EXERCISE AIM:
Give back only the lines in the records below from the one with "Denimwear, Women's Jeans" to the one with "World's Okayest Runner", both inclusive, word for word.

SOURCE INFORMATION:
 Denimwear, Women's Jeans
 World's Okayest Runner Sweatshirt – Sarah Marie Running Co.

* * *

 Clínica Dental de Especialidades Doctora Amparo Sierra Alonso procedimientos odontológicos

RESPONSE AREA:
 Denimwear, Women's Jeans
 World's Okayest Runner Sweatshirt – Sarah Marie Running Co.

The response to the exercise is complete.